[Data provided]
--------------------------------

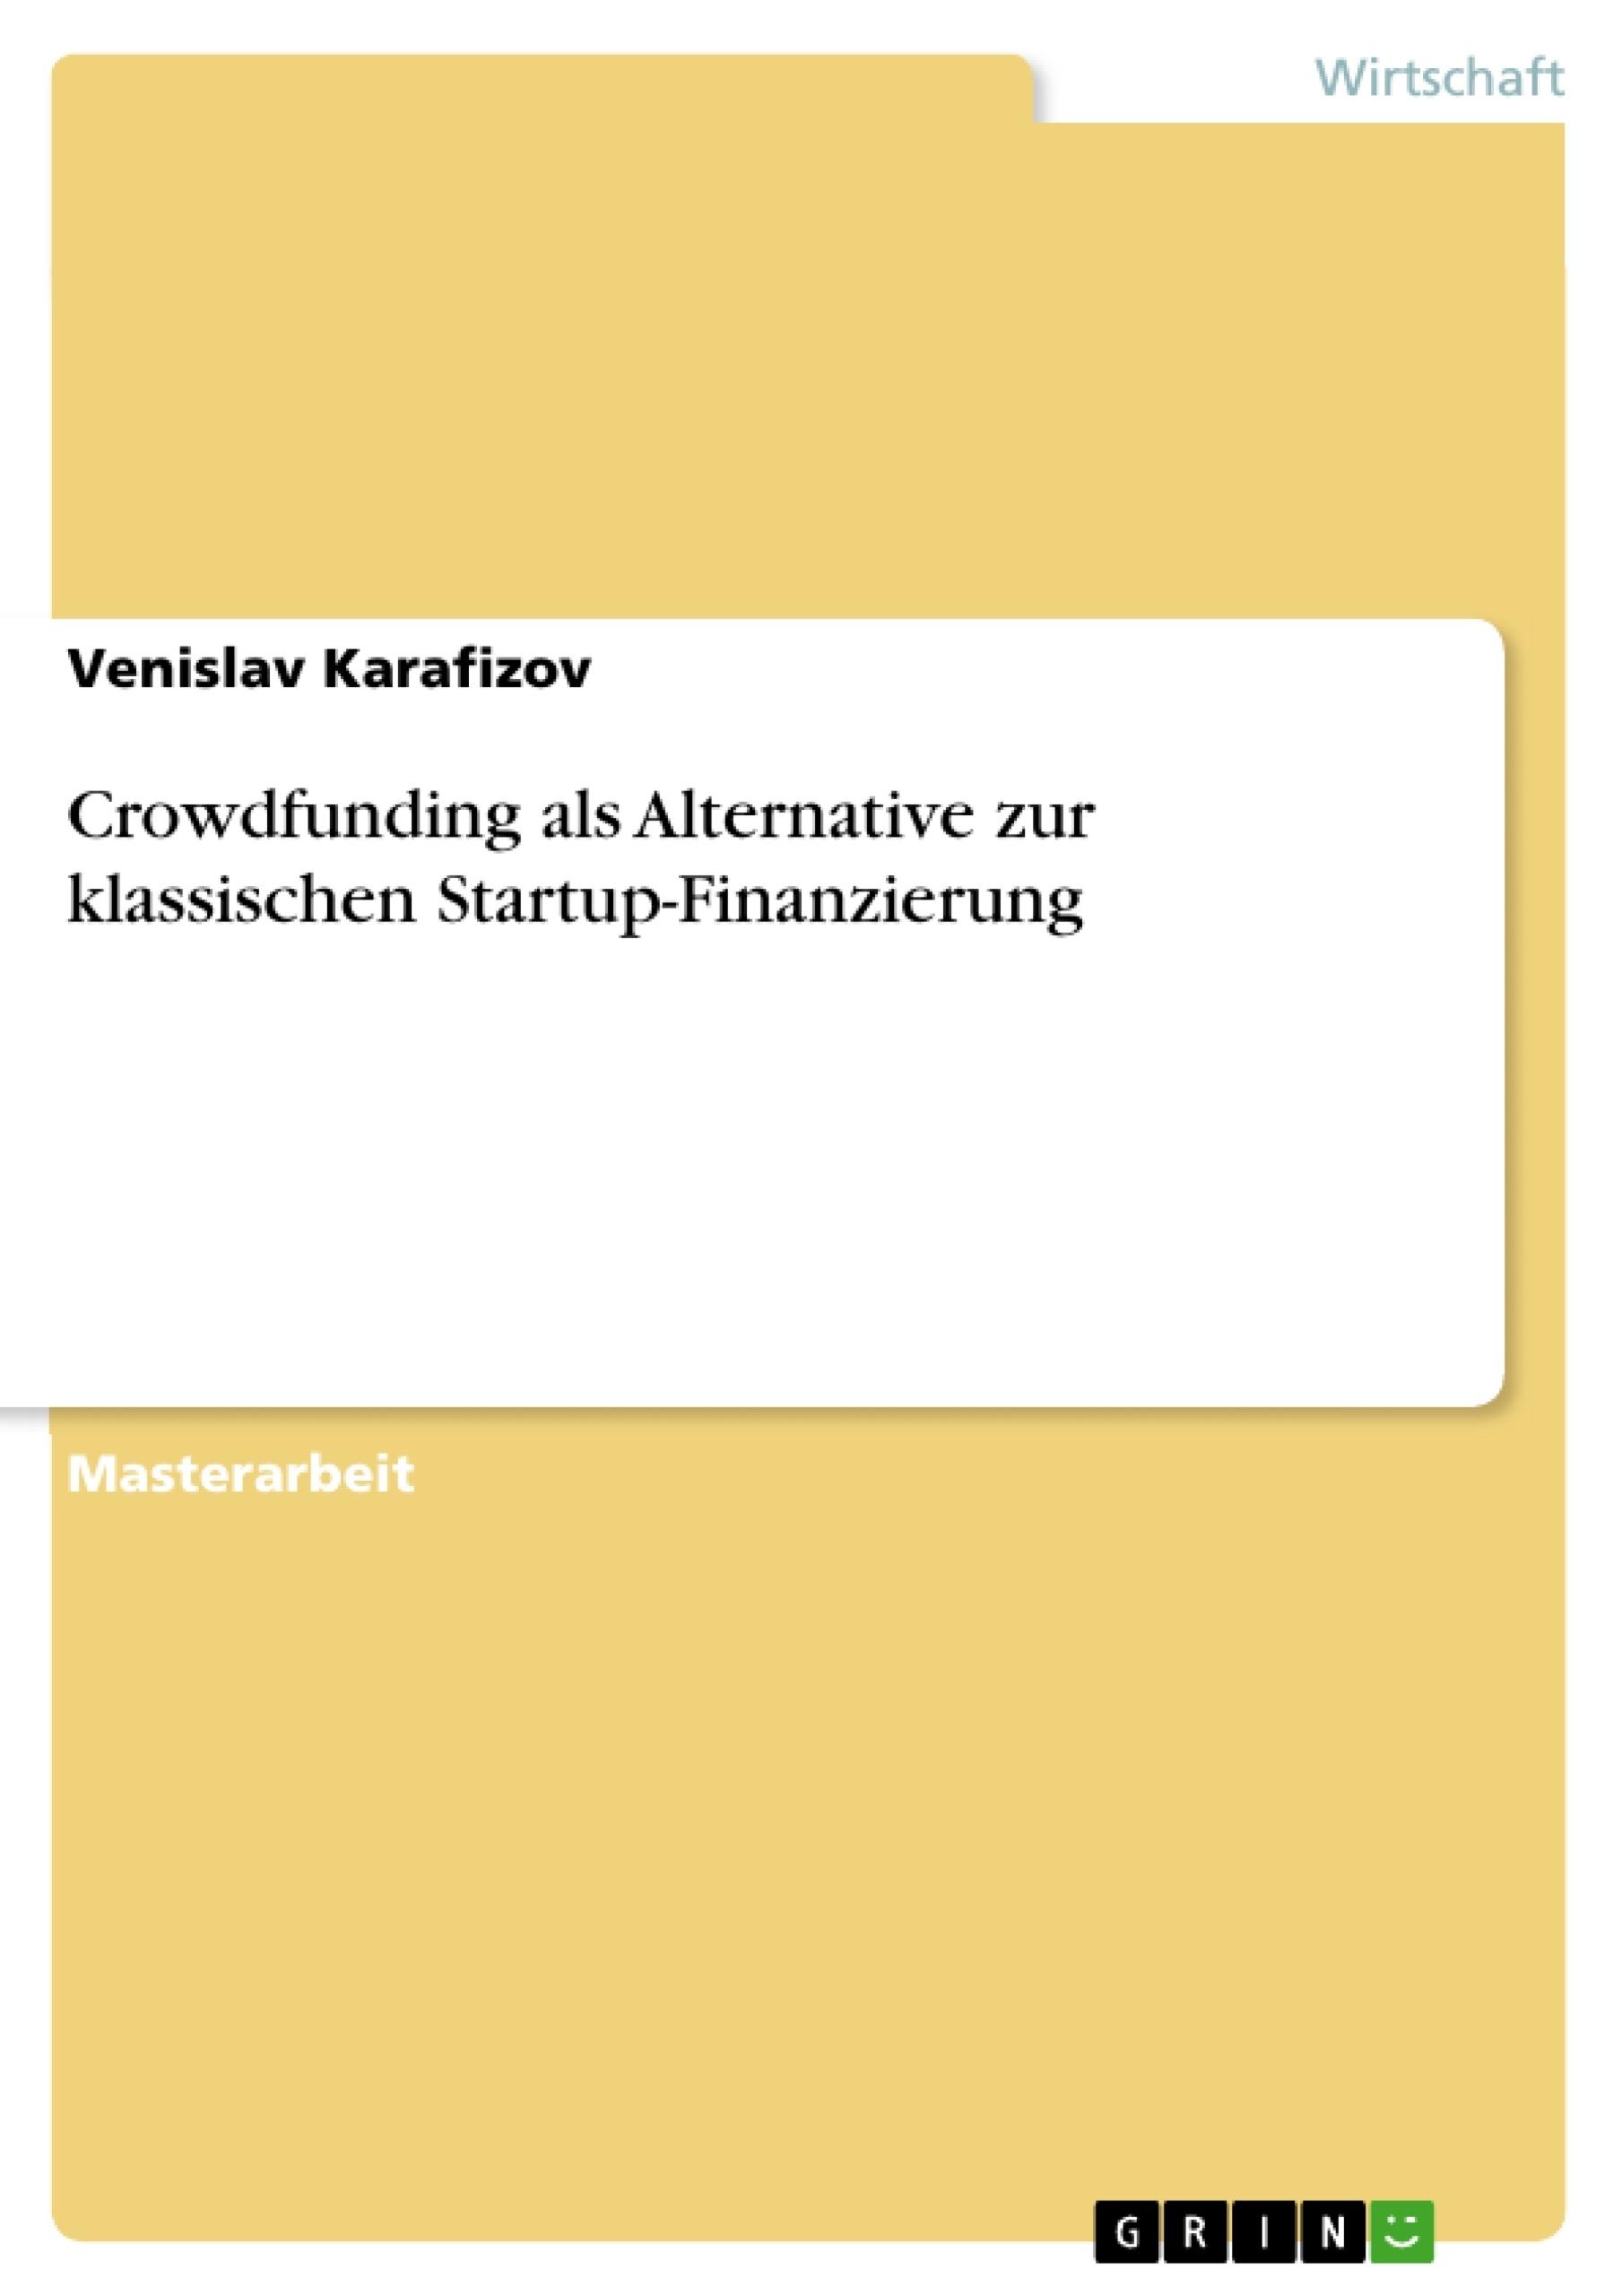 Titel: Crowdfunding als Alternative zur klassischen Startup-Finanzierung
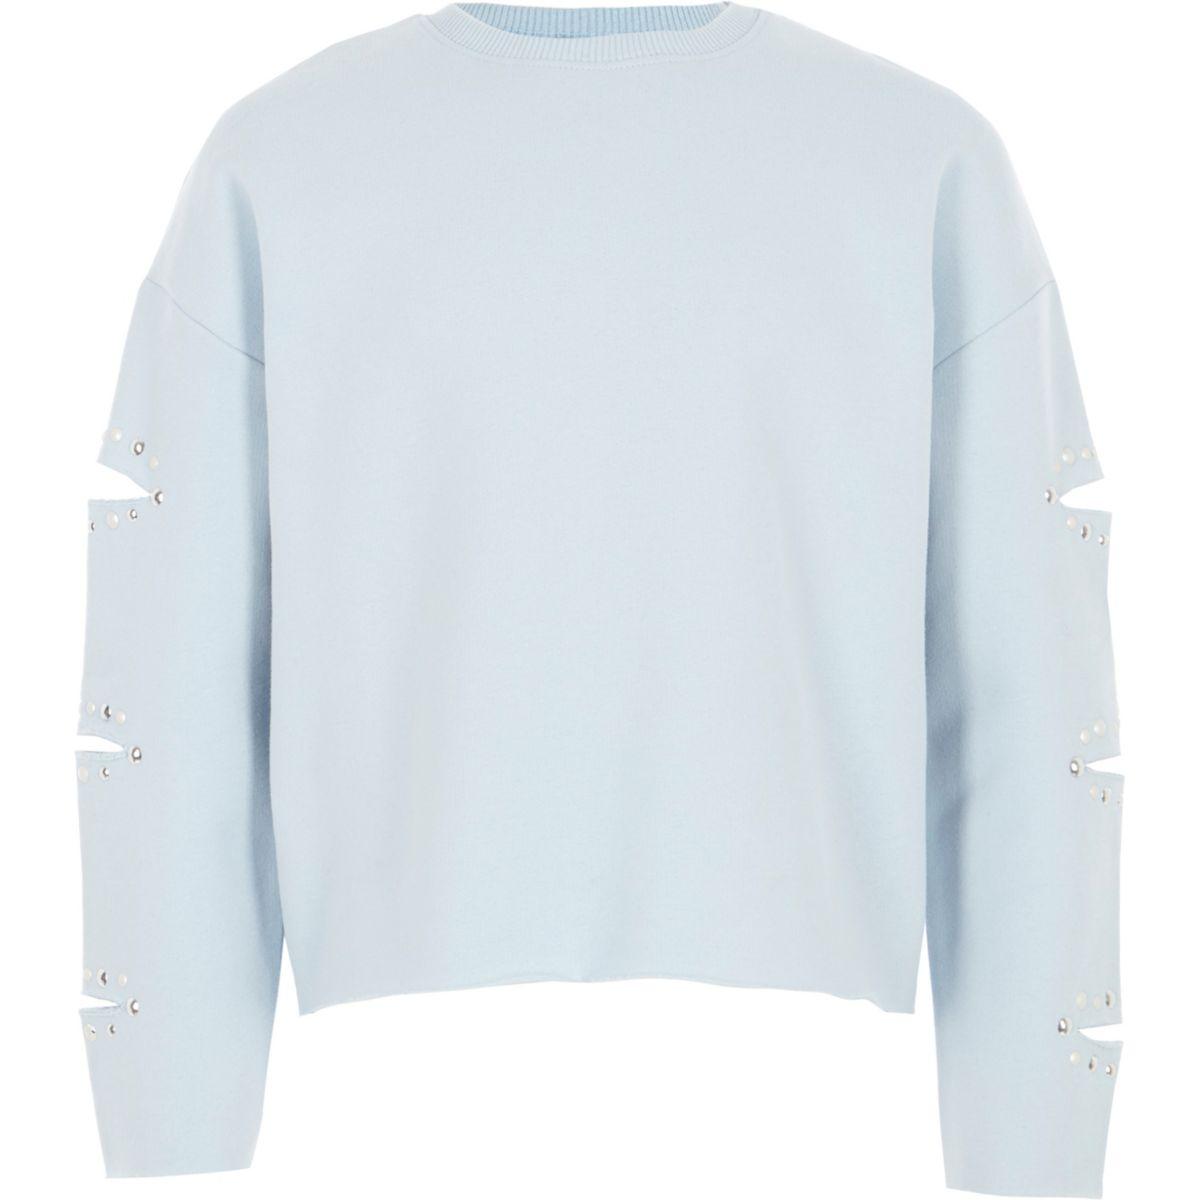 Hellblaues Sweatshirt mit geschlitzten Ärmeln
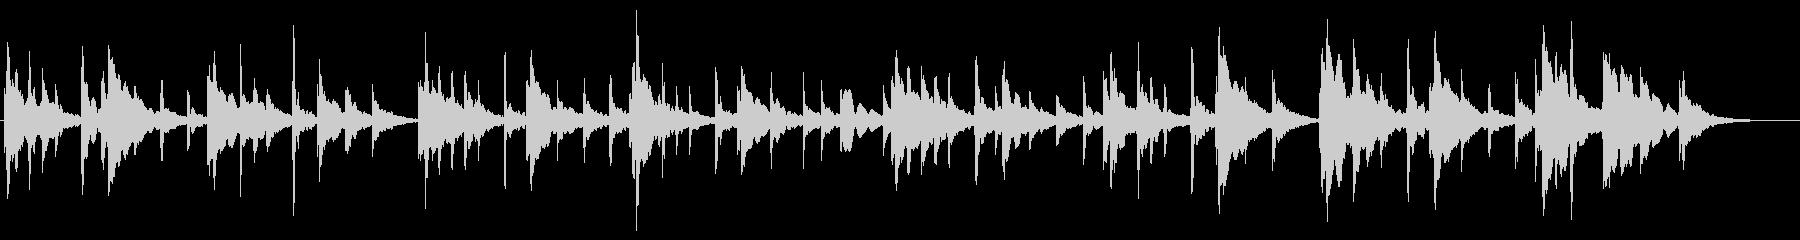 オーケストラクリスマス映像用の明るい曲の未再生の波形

--------------------------------

Copy out the data above to the letter, and keep every picture out of it.

[Final answer]
 Titel: Crowdfunding als Alternative zur klassischen Startup-Finanzierung
 Hellblaues Sweatshirt mit geschlitzten Ärmeln
 オーケストラクリスマス映像用の明るい曲の未再生の波形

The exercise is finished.